VEGFR-1 and VEGFR-2 are fundamental in the formation of the angiogenesis process by regulating cell growth and proliferation. In a study conducted by Zhao et al. [52], quercetin selectively inhibits VEGFR-2 mRNA with maximum effect at a concentration of 100 and 200 µm. The anti-angiogenic activity of quercetin has also been expressed in the downregulation of signaling pathways of VEGFR-2, ERK, and p38MAPK. However, further in vivo studies are required to establish quercetin angiogenic property [53, 54]. Sun et al. [55] reported the molecular mechanism underlying the combined effect of quercetin and metformin in cancer cells. The result shows that co-treatment of quercetin and metformin triggers apoptosis by inhibiting the VEGF/Akt/PI3K pathway in prostate cancer cells. Quercetin has also proven to be effective as combined chemotherapy with irinotecan to treat gastric cancer cells by blocking growth factor receptors [53]. Furthermore, Donnini et al. [56] demonstrated the various angiogenic effect of quercetin and its structural analog, quercetin-3-o-glucoside, on VEGF-activated endothelial cells.

EGFR signaling pathway plays a significant role in the progression of metastatic prostate cancer, making it a novel target in various cancer cells. Quercetin blocks prostate cancer cell growth through the EGF receptor by homeostatic regulation of several cell adhesion molecules, including vimentin, E-cadherin, and N-cadherin [57]. Previous studies show that quercetin and quercetin 3-O-glucoside downregulate the expression of EGFR in a cirrhotic animal model, pancreatic tumor cells, and EGFR-mediated signaling pathway [58].

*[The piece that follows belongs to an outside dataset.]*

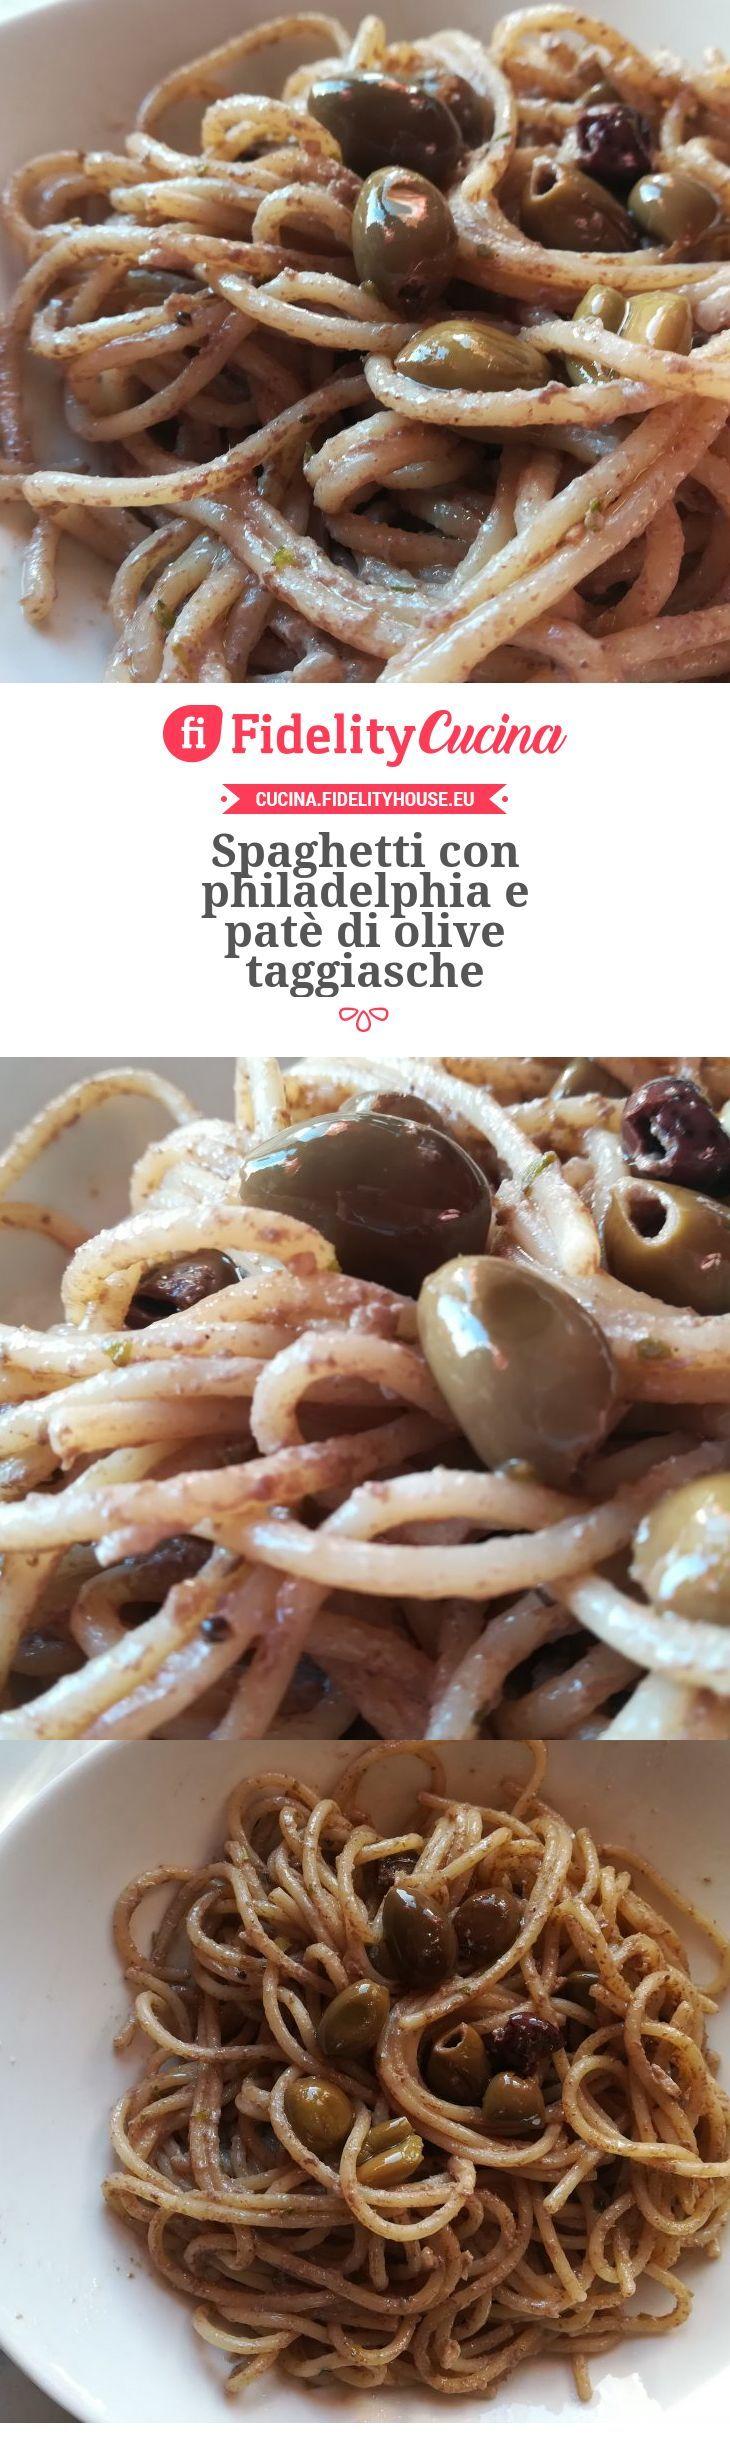 Spaghetti con philadelphia e patè di olive taggiasche Spaghetti con philadelphia e patè di olive taggiasche Idee di Tendenza Graziose Piatti Di Pasta Piatti...

Recent studies demonstrated that quercetin and silibinin could disrupt cell growth in prostate cancer cells by inhibiting the IGF-I and IGFBP-3 through apoptotic cell death in G and S phases [59]. Additionally, quercetin-3-O-glucoside, a bioactive metabolite of quercetin, inhibits PDGF in vascular smooth muscle cells [60]. Huang et al. [61] evident that quercetin is a potent anticancer agent against human oral cancer cells by activating the FOXO1 transcription factor via G2 cell arrest caused by DNA damage. Fan et al. [62] investigated the anticancer effect of dietary flavonoids on cancer cells. Luteolin and quercetin show promising anticancer agents through reduction of Src/Stat3/S100A7 signaling Luteolin, epigallocatechin, and quercetin downregulate insulin receptors' expression via different inhibitory mechanisms [63].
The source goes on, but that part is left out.